Hotel sales director firings impact meeting planners, too | By David M. Brudney
Recently, a competent and client-revered hotel sales director was fired. No surprise there. As hotel operators continue to cut costs to satisfy owner and lender fiduciary responsibility demands, talented sales directors have been laid off and terminated in alarming numbers since the economic downfall of 2008.
The terminology used makes little difference—whether it’s labeled laid off, furloughed, downsized or (my personal favorite) reduction in force—the bottom line is that the sales director is out of job and most likely won’t be returning to that hotel as an employee.
An argument can be made some of these sales directors were let go with cause. In addition to poor performance by the sales department overall, contributing factors may have included personal sales goal declines, sales team leadership, direction, coaching, communication and morale. But, in far too many cases, these skilled sales directors have been singled out as scapegoats for numerous reasons:
- Something, someone—other than the economic downturn—has to be blamed for the huge declines in occupancy and rate;
- Sales department budgets always have been a prime target for ill-advised management to cut when business turns for the worse; and
- Sales directors typically command total compensation packages that are higher than other department heads, making them most vulnerable when reducing payroll becomes the order of the day.
All too often I’ve experienced examples of general managers, corporate senior management oversights and, especially, hotel owners refusing to accept any responsibility for the alleged failure of the hotel sales director.

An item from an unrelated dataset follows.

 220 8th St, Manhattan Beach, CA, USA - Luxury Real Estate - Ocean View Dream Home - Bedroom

There may be several factors that led directly, or contributed heavily, to the demise of the sales director:
- The hotel could be positioned and priced incorrectly;
- The hotel’s brand failed to deliver timely, necessary sales and marketing support services;
- Senior management failed to react promptly and accurately as market conditions changed;
- Senior management’s failure to accept impact of new supply growth within the competitive set;
- Failure to complete badly needed property renovation and upgrades in a timely manner;
- The hotel never recovered from one or more bad experiences of a visible group(s);
- Heavy turnover in convention/conference service and banquet department staffs;
- Fallout from the AIG event—the hotel experienced unavoidable multiple cancellations, heavy attritions and deferred events by previously loyal, top producing, high-end corporate group clients; and
- The general manager’s micromanaging of the sales department.
But there’s residual damage, irreversible in most cases, with meeting planners who find themselves holding the bag. Ownership, asset managers, senior corporate management oversights and even general managers fail, far too often, to understand the importance of the symbiotic relationship between many meeting planners and hotel sales directors.

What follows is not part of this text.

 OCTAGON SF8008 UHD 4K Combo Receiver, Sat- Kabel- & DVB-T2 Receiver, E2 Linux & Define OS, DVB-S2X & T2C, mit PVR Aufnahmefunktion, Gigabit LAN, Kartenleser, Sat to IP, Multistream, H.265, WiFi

When meeting planners (and their superiors) execute a one-to-three-year contract with a hotel, the booking was made because of a strong professional and often personal relationship between the planner and sales director in many cases. That relationship has been developed throughout years of good service by the sales director. Credibility and trust are firmly in place already. One of the finest compliments a hotel sales director can receive from a meeting decision maker is: “We’re not booking your hotel; we’re booking you.” I can’t count how many times I’ve heard meeting planning professionals tell me, “As long as he/she (the sales director) is still there, our meeting will be there.”
When the sales director is dismissed, for whatever reason, many meeting planners feel a sense of betrayal, and, right or wrong, their anger is directed at the hotel and that hotel’s brand. More times than not, the planner’s first reaction is to cancel the meeting (if that option is available, based on the contract) and to book it elsewhere.

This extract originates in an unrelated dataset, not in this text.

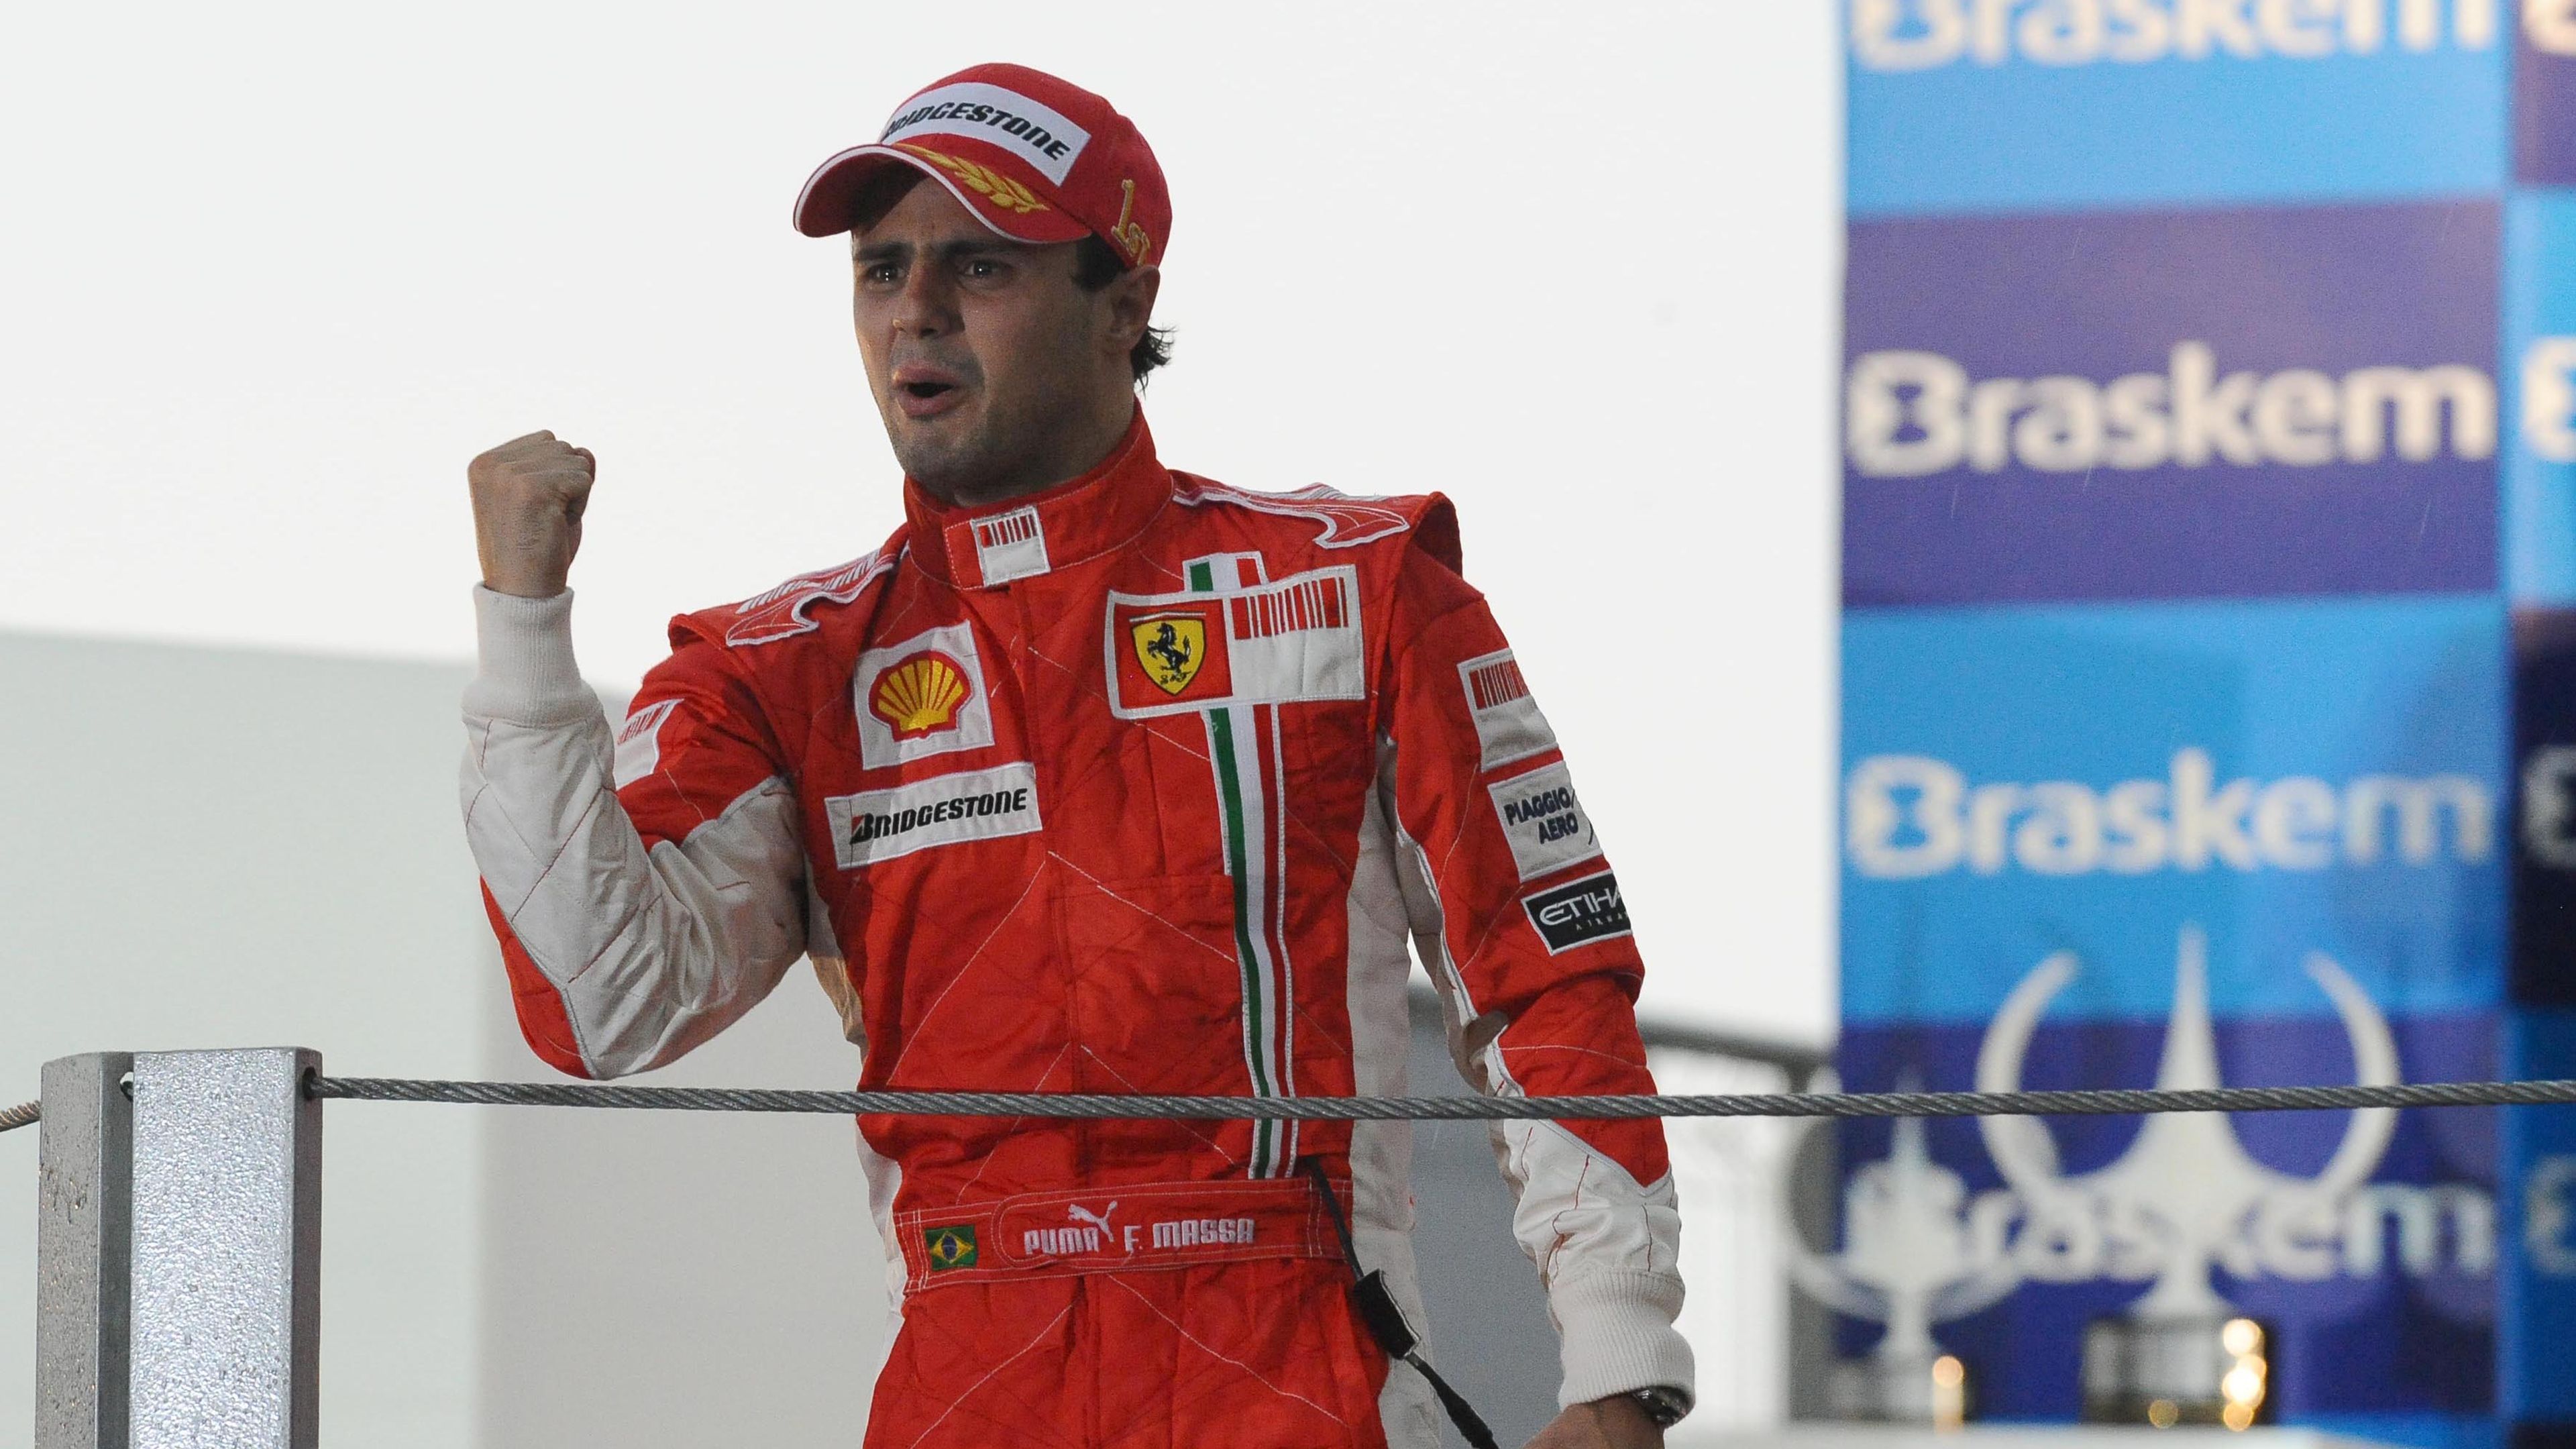 Felipe Massa, piloto de Fórmula 1

There are those who’ll argue hotel sales director turnover cuts both ways. Sales directors leaving by their own volition will cause just as much planner anxiety as if the sales directors had been fired. But it’s important to keep in mind most quality sales directors leave their positions because of feeling undervalued, underpaid and limited in career advancement. In most cases, the sales directors accept their new positions with better compensation packages, expanded responsibilities and with a sense of being valued more.
Once again, far too many times the subject hotel’s owner, asset manager and senior corporate management oversights may be oblivious to the immediate and future consequences of the fallout from terminating the sales director. Given the current cost-cutting, face-saving, do-whatever-is-necessary-to-save-the-management-contract environment, good people are fired without enough careful thought given to the immediate and longer-term consequences.
These are times when those in positions to make those decisions must be reminded that, despite the past decade transition from being in the hotel business to being in the business of hotels, we still remain a business that’s all about relationships. We can ill-afford to ever forget that.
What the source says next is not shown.